Google's motto is simple: "Don't be evil." But the end of January saw the launch of Google.cn, a search service that enforces efforts by the Chinese government to censor delicate terms like "Tibet" or "pornography." It seems evil is a relative term.

A recently launched Web applet, http://opennet.net/google_china/ , allows surfers to compare Google results in China and Canada. It was created as a form of protest by a self-described group of "hacktivists" at the University of Toronto's own Citizen Lab ( www.citizenlab.org ).

The Lab, operating from the depths of the Munk Centre for International Studies, brings together a diverse group of media experts, hackers and social scientists devoted to melding the worlds of social activism and information technology. In the words of founder Ron Deibert, an associate professor of political science, the group deliberately uses models borrowed from intelligence organizations to subvert attempts at censorship and surveillance by countries like China.

"We see ourselves as civil society spies," he says.

The Lab's partnership with the Open Net Initiative, the group that hosts the Google comparison site, has been bolstered recently by a whopping $3 million grant from the MacArthur Foundation. Through a number of similar projects, Open Net is surveilling totalitarian control of the Internet around the world.

To do this, it favours grassroots methods that engage NGOs like Human Rights Watch and Amnesty International and their workers on the ground. They report back on the state of Internet freedom in repressive regimes, sometimes at great personal risk. Members have been questioned by secret police, beaten and even jailed for online snooping.

The group has also created an enigmatic-looking black box disguised as a CD-ROM drive that fits seamlessly into a computer tower.

The computer is smuggled into a country such as Tunisia or Iran and plugged into the Internet.

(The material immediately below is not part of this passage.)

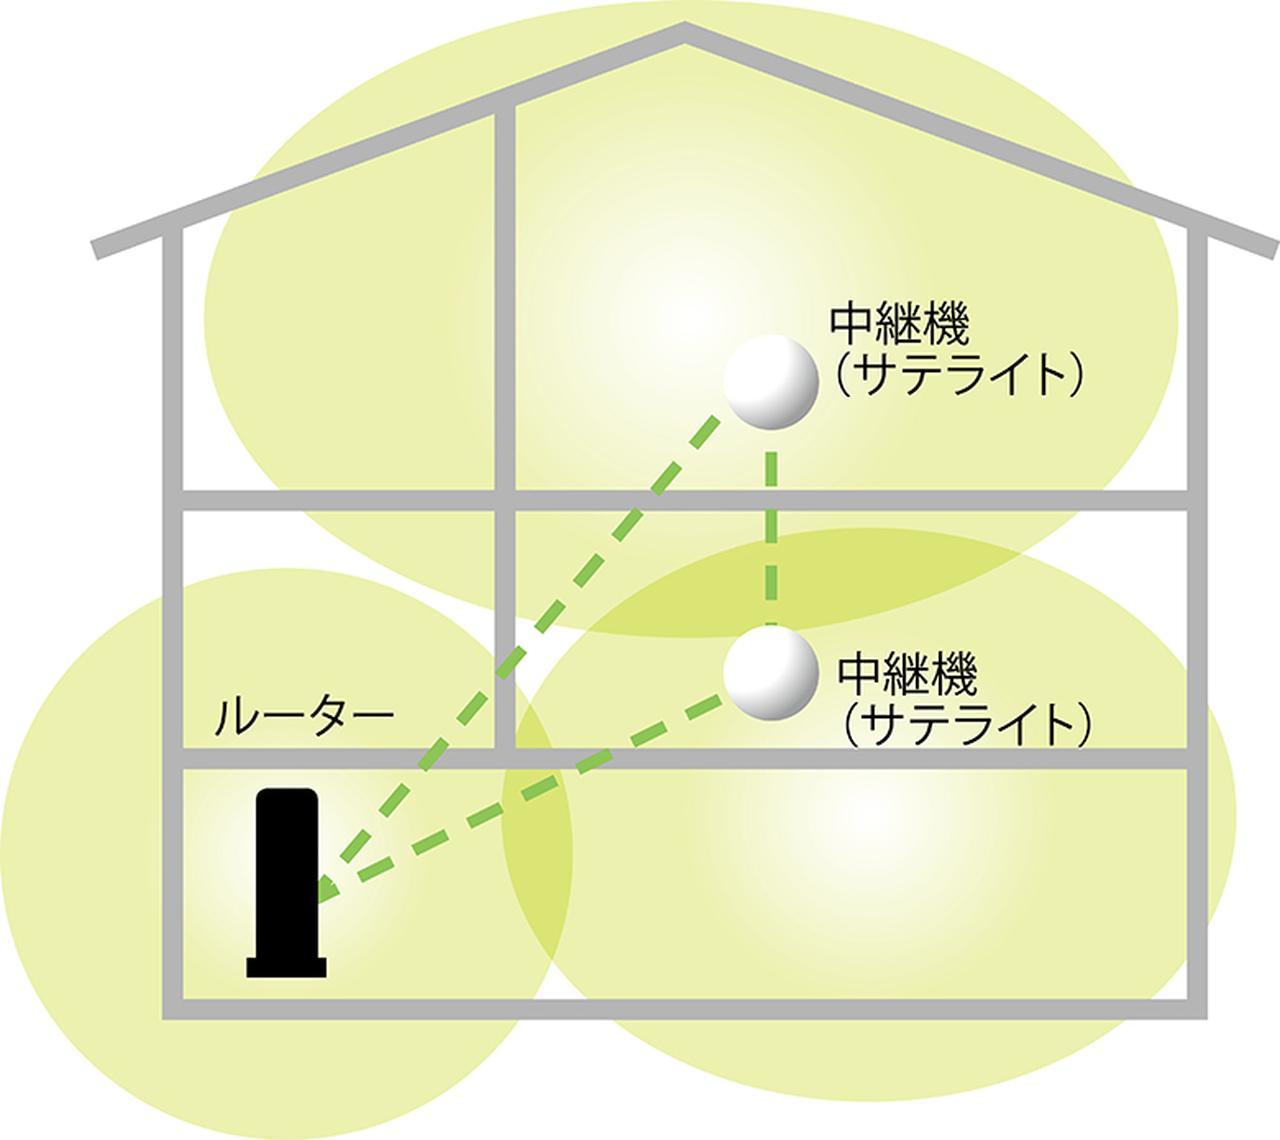 画像: 従来のWi-Fiルーターと中継機の組み合わせに比べ、メッシュは全体が一つのネットワークとして機能するので、効率がいい通信が可能だ。
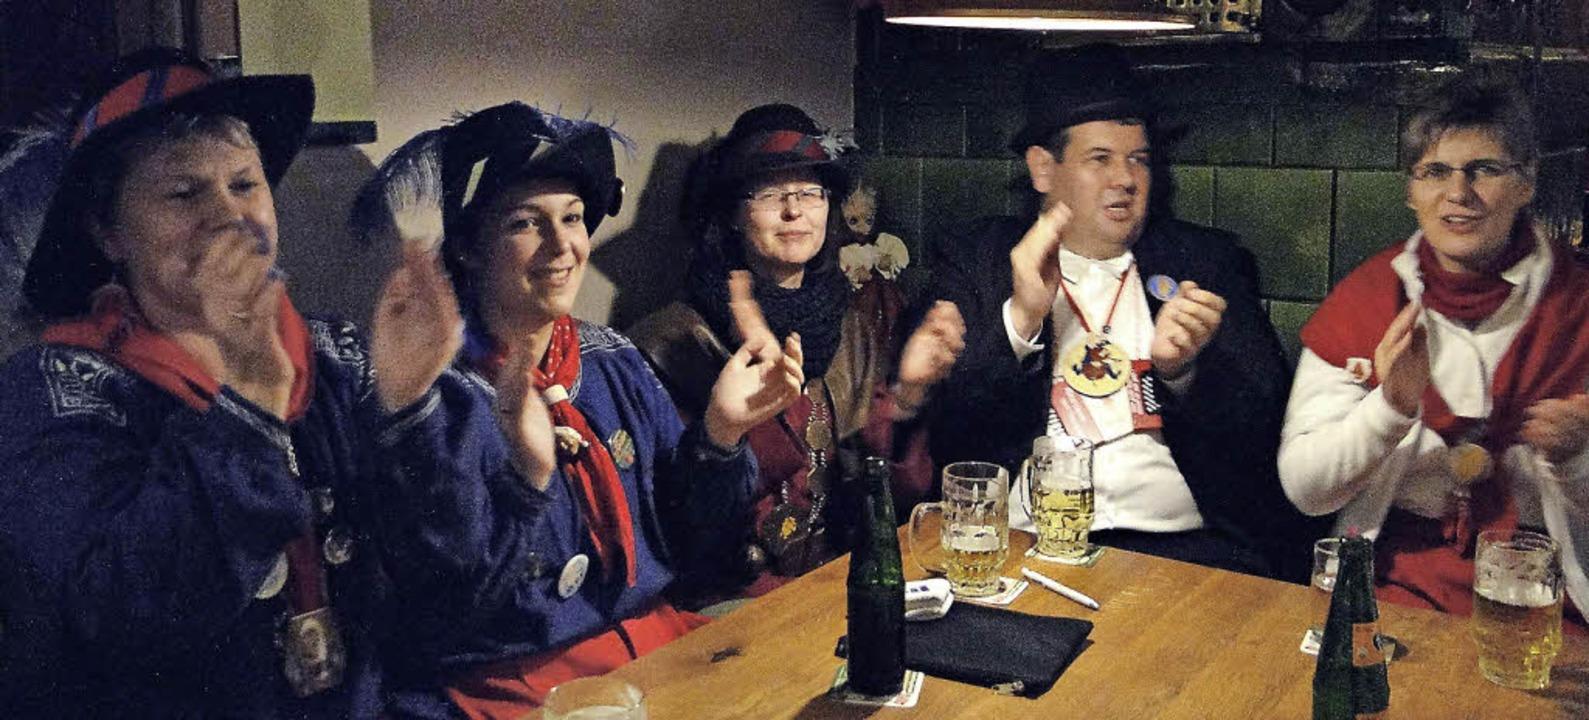 Zufrieden mit der Schönauer Fasnacht: ...rmeister Peter Schelshorn (von rechts)    Foto: Veronika Frank

Programs in the black box scurry off to gather data on the censorship of everything from the New York Times website to opposition sites written in the local language.

At HQ in Canada, Citizen Labbers analyze the data and, says Deibert, interrogate servers by probing networks for Web pages that are blocked. A particularly sensitive time for this is during elections.

"The cyber-dimensions of election monitoring are often forgotten," says Deibert, "but the Internet is the most important medium for opposition parties, and is often the object of attack from ruling parties."

Late last year, during Kyrgyzstan's election, the group carefully monitored state interference with opposition websites and online newspapers. E-mails from an unknown "Shadow Team" demanded that local ISPs cease carrying information about unrest in the country printed by two Krygyz newspapers, and that a popular local news site stop publishing information about the situation. With true activist audacity, Citizen Lab hosted the opposition websites itself, subverting the Kyrgyzstan censor.

CiviSec, a Citizen Lab project whose name means "security for civil society," is described by Deibert as a suite of tools and strategies designed to help dissidents around the world to thwart censorship and surveillance.

It offers a free (and anonymous if need be) blogging platform for political dissidents and social activists at civiblog.org .

An upcoming CiviSec application, Psyphon, is described as a circumvention tool for people living in repressive regimes to bypass Internet censors. People in the West install simple software on their computers and call friends and family in repressive countries with inside information on a proxy server, lifting the veil of censorship

For Deibert, one of the most satisfying aspects of these projects has been uncovering American corporations, like Google, that are complicit in censorship. Citizen Lab employees have been invited to testify on censorship in China at Senate and Congressional hearings. Secure Computing, a California company, was flagged by Open Net as illegally exporting goods to Iran. Its response? "They must have got it off eBay."

Deibert remains philosophical, and tells me the Citizen Lab crew take their work very seriously. That's because, he says, the Web is essential to a functioning liberal democracy in the 21st century.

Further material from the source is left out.